In a further embodiment, the magnet support structure comprises a suspension rod including a collar according to an embodiment described above. The collar is configured to abut against the further thermal shield and cover a gap between the further thermal shield and the suspension rod.

The collar may be embodied as described above. In an embodiment, a location of the collar along the suspension rod may substantially correspond to a location of the further thermal shield along the suspension rod.

As described above, the collar may comprise a tapered section. According to an embodiment, the tapered section has a first diameter smaller than a diameter of the passage in the further thermal shield, and a second diameter exceeding the diameter of the passage in the further thermal shield. Thus, the collar may form a plug configured for plugging or occluding the passage in the further thermal shield when the suspension rod is installed in the magnet support system an intended relative position with respect to the further thermal shield.

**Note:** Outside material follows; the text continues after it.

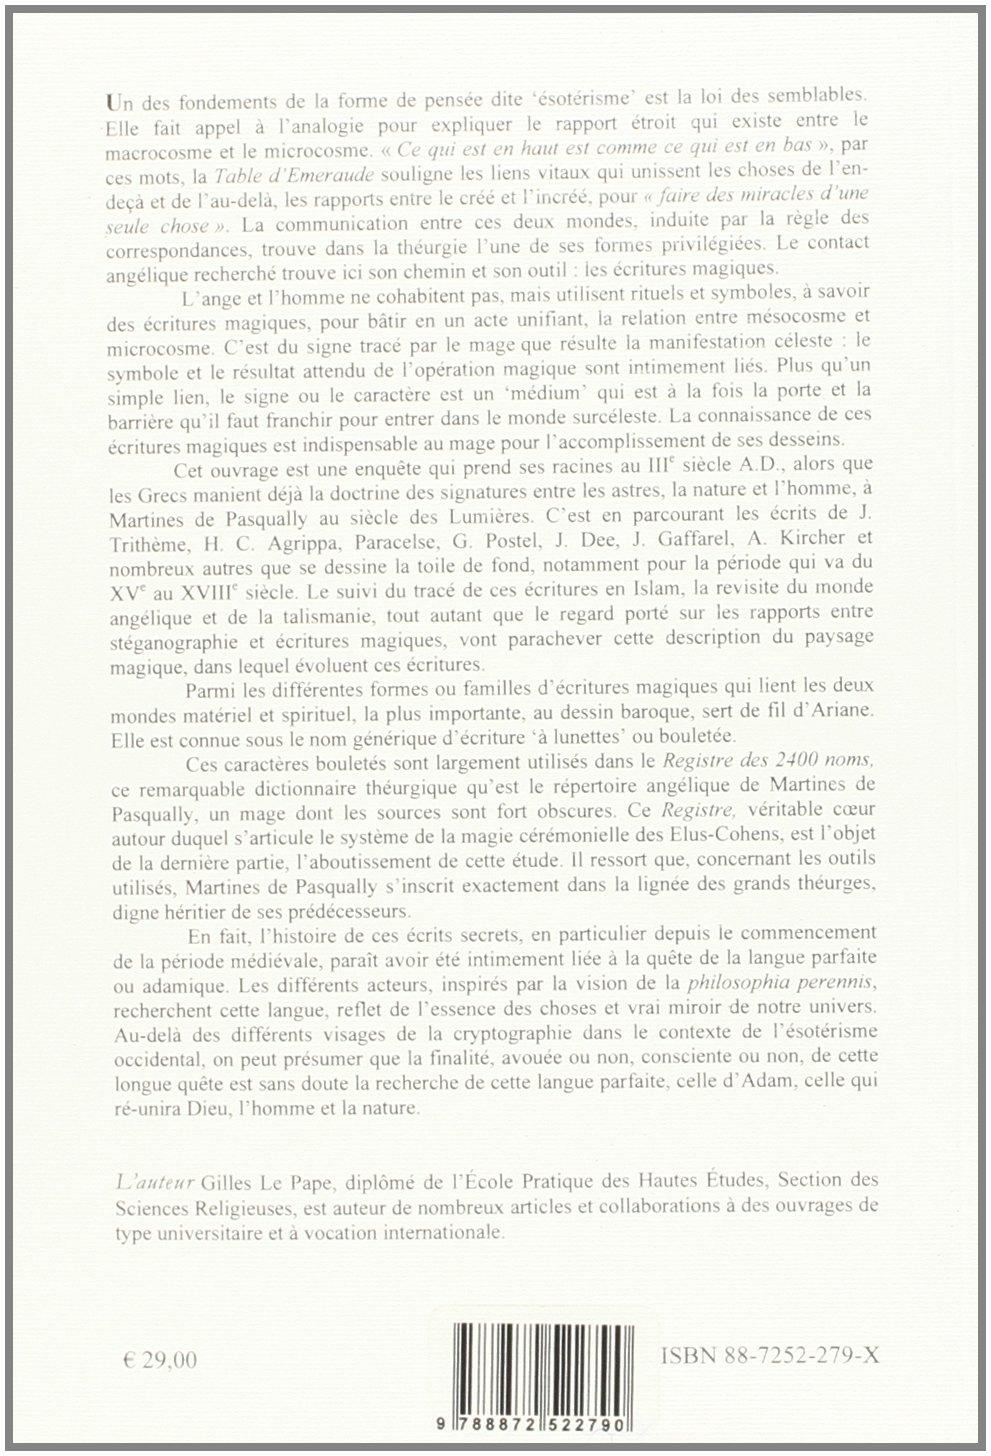 Les Ecritures Magiques 19 décembre 2006 Gilles Le Pape Arche Milan 887252279X TL887252279X Aux Sources du Registre des 2400 Noms dAnges de Martines de Pasqually Broché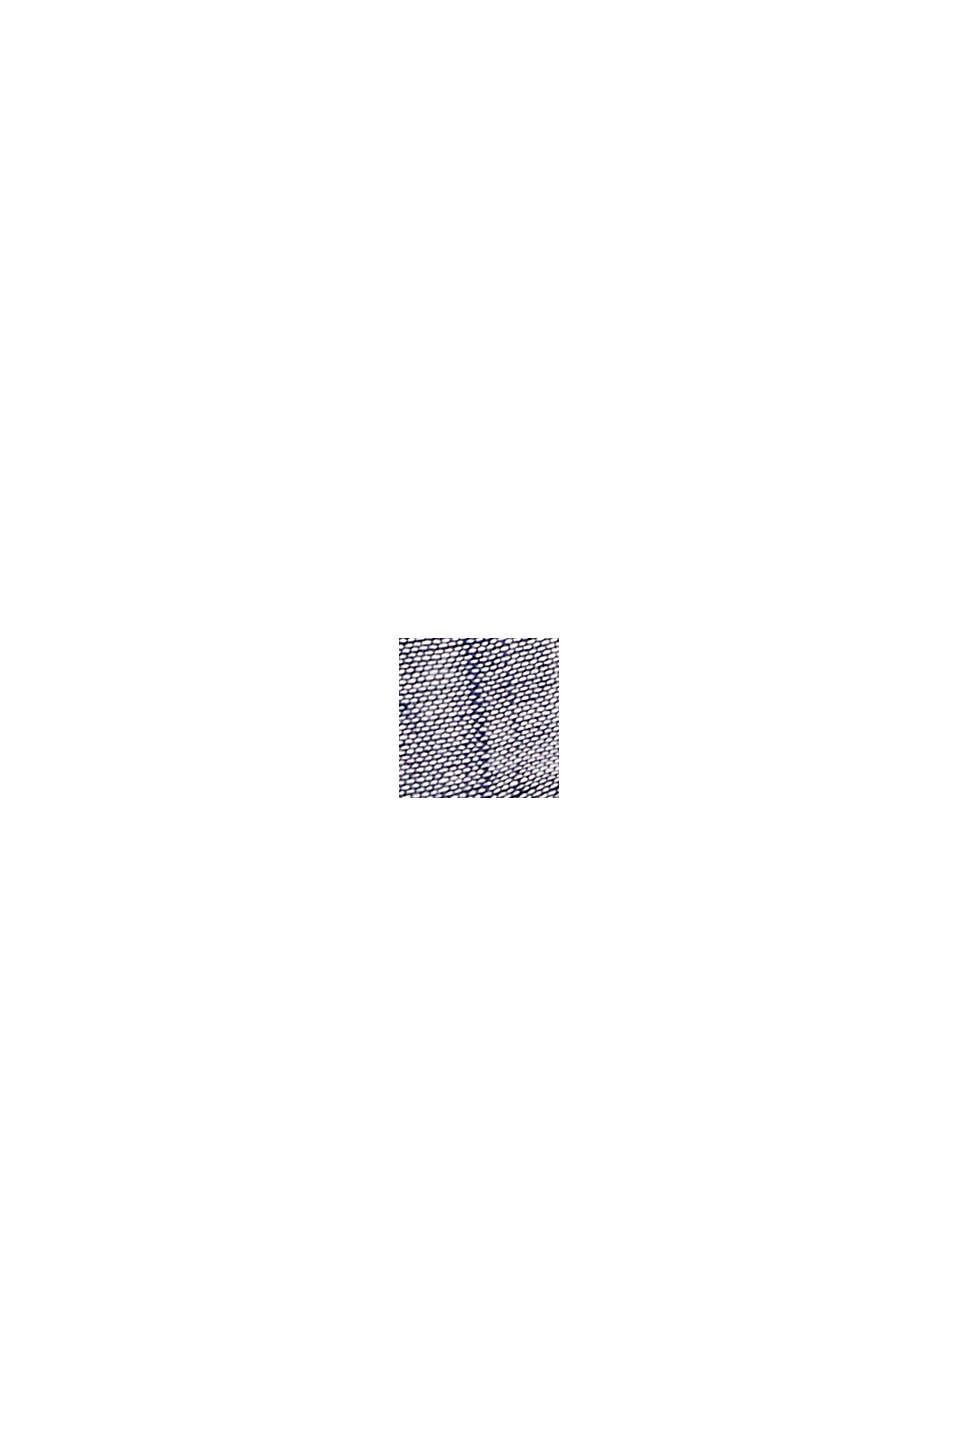 Loop-Schal aus 100% Baumwolle, NAVY, swatch

The collar may also be shaped as a disk. In this case, the collar may be configured to abut against the further thermal shield, thus occluding or covering any potential gap between the passage in the further thermal shield and the suspension rod.

In providing a magnet support system including a suspension rod comprising a collar, an amount of thermal radiation passing through a gap or interfacial region between the suspension rod and the further thermal shield may be reduced or minimized. Thus, a cooling capacity required for maintaining the main magnet at a superconducting temperature may favorably be decreased.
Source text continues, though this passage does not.